Correspondence to Yliès Falcone.

Additional information

Communicated by Dr. Gerardo Schneider, Gilles Barthe, and Alberto Pardo.

Appendix A: A proof of correctness of the proposed approach

Appendix A: A proof of correctness of the proposed approach

In order to prove the correctness of our approach, we proceed according to the following stages:

  1. 1.

    Introducing a suitable abstraction of the system. In this abstraction, some data is discarded to focus only on the behavior of the system (Sect. A.1).

  2. 2.

    Introducing some intermediate definitions and lemmas (Sect. A.2).

  3. 3.

    Proving that the initial system and the instrumented system are observationally equivalent by showing a weak bi-simulation between them. This is the cornerstone of the correctness of our approach in the sense that it demonstrates that our transformation preserves the initial behavior of the system up to some actions of the monitor.
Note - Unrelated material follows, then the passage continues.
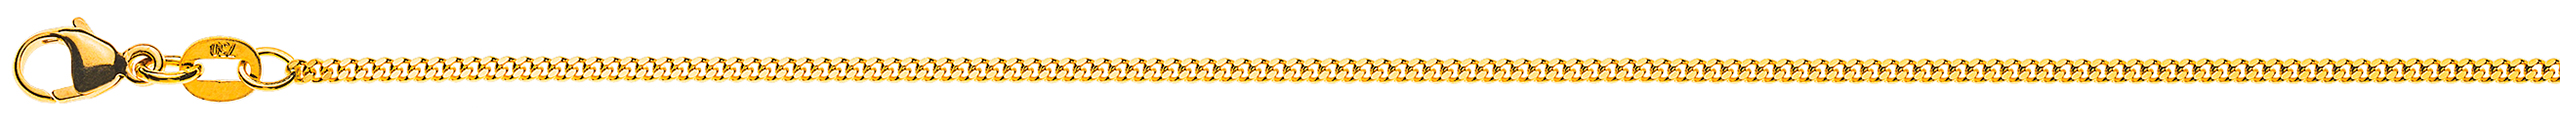 AURONOS Élégance Necklace yellow gold 14K curb chain polished 55cm 1.6mm

This result is proved in Sect. A.3.

  4. 4.

    Proving that our transformation correctly transforms the initial system (Sect. A.4), using some intermediate lemmas from previous stages.
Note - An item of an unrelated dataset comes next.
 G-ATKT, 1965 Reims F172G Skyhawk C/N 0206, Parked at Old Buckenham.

In the following proofs, we will consider several mathematical objects in order to prove the correctness of our framework:

  • an abstract monitor \(\mathcal{A }\!=\!(\Theta ^\mathcal{A },{\theta _{{\scriptscriptstyle \mathrm {init}}}^\mathcal{A }},\varSigma ,\stackrel{}{\longrightarrow }_\mathcal{A }, {\mathbb{B }_{4}},{ver}^\mathcal{A })\);

  • a BIP monitor \(M^\mathcal{A }=(P,L,T,X,\{g_\tau \}_{\tau \in T},\{f_{ \tau }\}_{\tau \in T})\) generated form \(\mathcal{A }\), i.e., \(M^{\mathcal{A }}={\textit{BuildMon}}(\mathcal{A })\);

  • a composite component \(B=\pi (\varGamma (\{B_i\}_{i\in [1,n]}))\) along with its behavior \(C=(Q,A,\stackrel{}{\longrightarrow })\);

  • the instrumented composite component \(B^m=\pi ^m(\varGamma ^m(\{B_i^m\}_{i\in [1,n]}\cup \{M^{A}\}))\) along with its behavior \(C^m=(Q^m,A^m,\stackrel{}{\longrightarrow }_m)\). \(B^m\) is obtained from \(B\) by following the procedure described in Sect. 5.

A.1 Abstracting data

With the objective of simplifying the following proofs, we introduce an abstraction consisting in analyzing the behavior of the involved components without considering some of the data. This abstraction is possible as one can notice that our transformations modify the values of some newly introduced variables but preserve the values of the variables that were present in the initial system.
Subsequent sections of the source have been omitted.